NEW YORK — Moody’s Investors Service sees carbonated soft drink consumption in the United States continuing to slide and some of that market share being replaced by what the agency calls “alternative beverages.” Such beverages include ready-to-drink coffee and tea, energy drinks, organic juices, enhanced waters and functional beverages.
“Alternative beverages still comprise a smaller part of the U.S. beverage market than carbonated soft drinks, but sales will continue to grow as consumers focus more on the various benefits they can provide,” said Linda Montag, a senior vice-president at Moody’s. “For their part, beverage makers are focusing on value rather than volume, since alternative beverages command higher prices per oz and are therefore more profitable.”
Buoying the case for the rise of alternative beverages is the current state of the U.S. economy, according to Moody’s. Rising real household income and accelerating wage and disposable income growth mean more consumers are willing to buy alternative beverages, which tend to have a higher price-point due to a premium position in the market.

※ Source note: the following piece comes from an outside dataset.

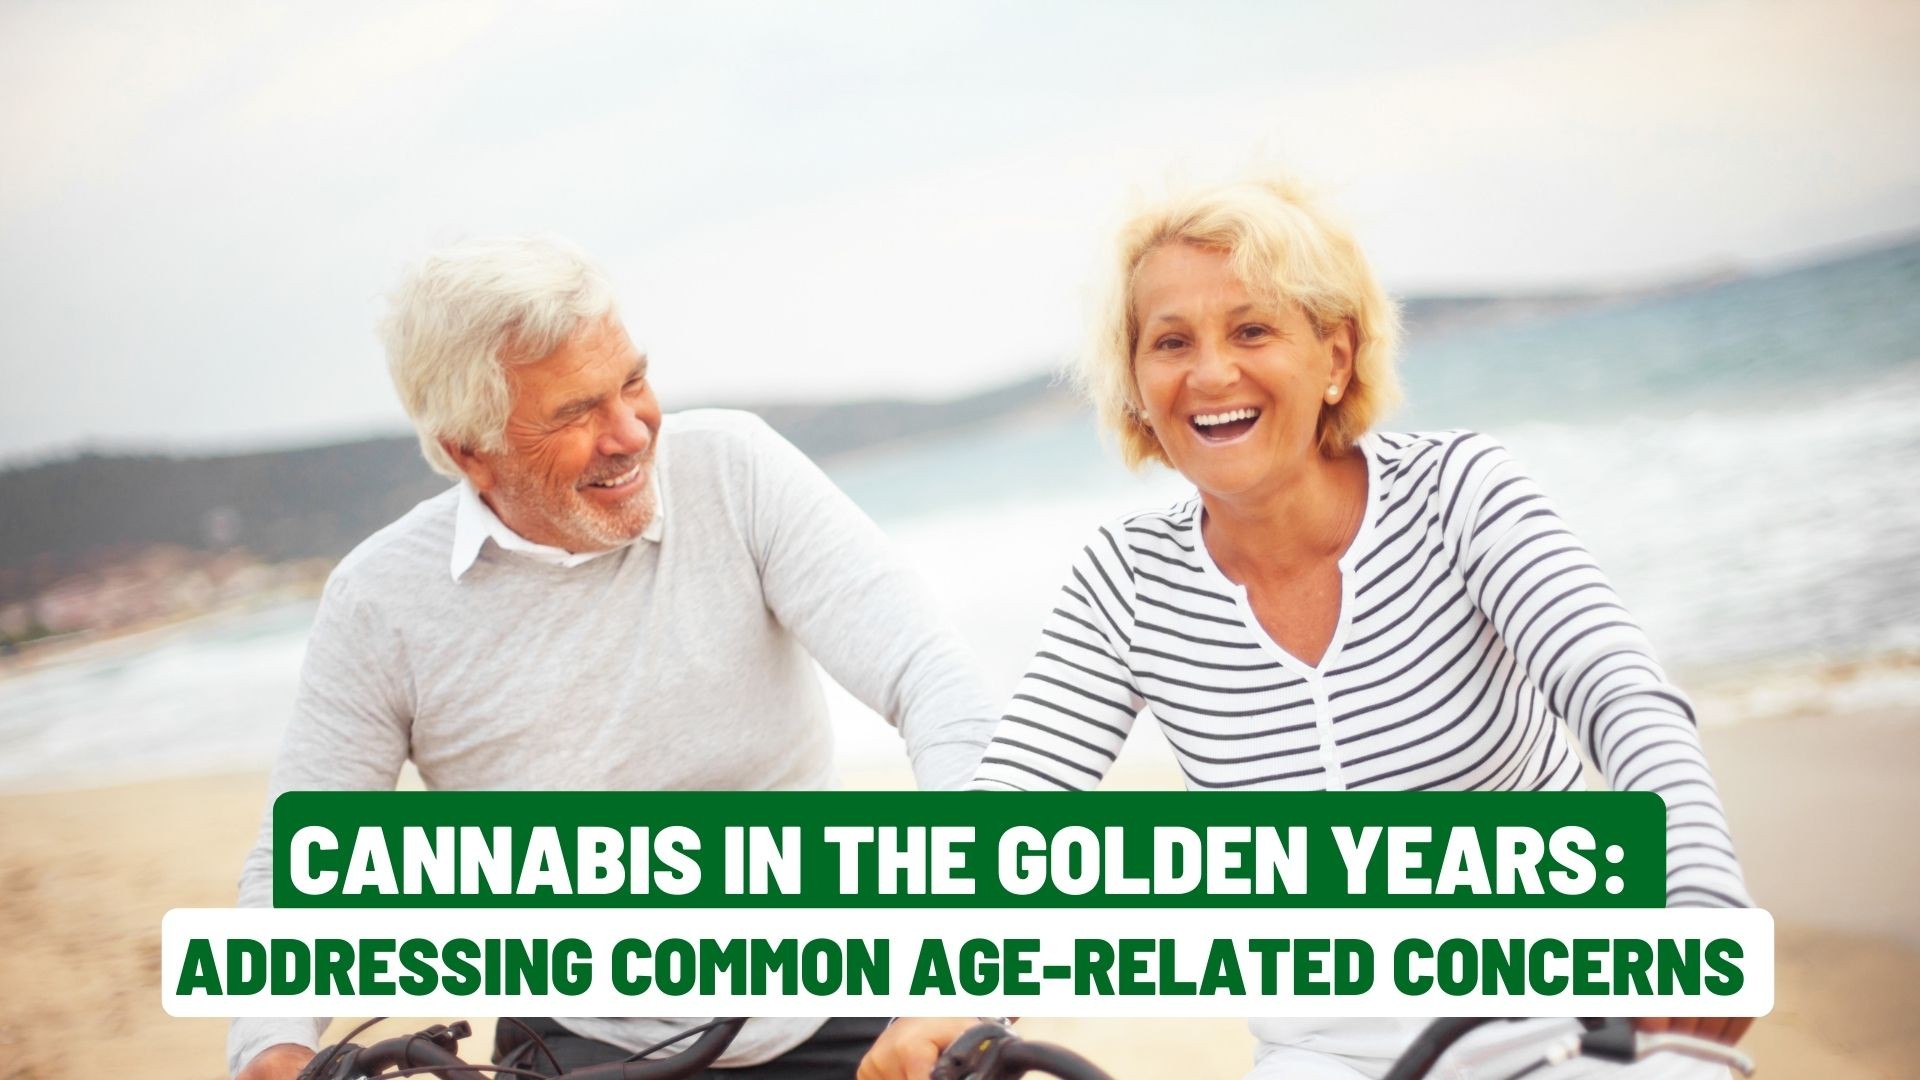 Cannabis in the Golden Years: Addressing Common Age-Related Concerns

Alternative products are typically sold in smaller, often single-serve packages, rather than in multipacks or large volume, multi-serve containers. As a result, they tend to command higher prices per oz than traditional beverages and generate more profit for both retailers and manufacturers.
Moody’s said many factors will continue to fuel the shift away from carbonated soft drinks and make alternative beverages more desirable. Among the factors cited are health-conscious millennials consuming the beverages for reasons other than taste, including health and wellness, athletic recovery and improved energy. Younger consumers with more diverse palates will also experiment with new types of beverages, including those flavored with herbs, plants and spices.
Taxes on sugary beverages as well as those for sweetened with low- and no-calorie sweeteners may also play a role in driving carbonated beverage consumption down.
Such large beverage manufacturers as The Coca-Cola Co. and PepsiCo, Inc. have been enhancing their product portfolios with alternative beverage options. A hurdle facing the large companies, however, is when purchasing alternative beverages, consumers seek authenticity, variety or health benefits, characteristics many often associate with small, local producers. Moody’s said the large beverage companies will have to differentiate their alternative beverage portfolios from a multitude of smaller competitors in the market.
Giving the larger companies a distinct advantage is the size of marketing budgets and having established, efficient distribution systems in place.
The Coca-Cola Co. and PepsiCo are better positioned to grow their alternative beverage footprints than the Dr Pepper Snapple Group because of their large scale, high cash balances and strong free cash flow, according to Moody’s. The advantages may be used to fund smaller acquisitions without material affecting their credit profiles.
“We expect Coke and Pepsi to continue to make tuck-in acquisitions in the alternative beverage space,” Moody’s said. “Most recently in December 2016 PepsiCo acquired KeVita, a leading fermented probiotic beverage brand. Coke and Pepsi’s greater scale also means that they have greater resources for in-house innovation, R.&D. and marketing. For instance, PepsiCo recently added non-G.M.O. product to its Naked brand juice lineup.”
Moody’s also called the Dr Pepper Snapple Group “vulnerable” because its mostly debt-funded acquisition of Bai Brands gives it very little room to make additional leveraging acquisitions.“It will need to rely mostly on its allied brand system, under which it partners with brands it does not own, to grow a strong alternative beverage portfolio,” the ratings agency said.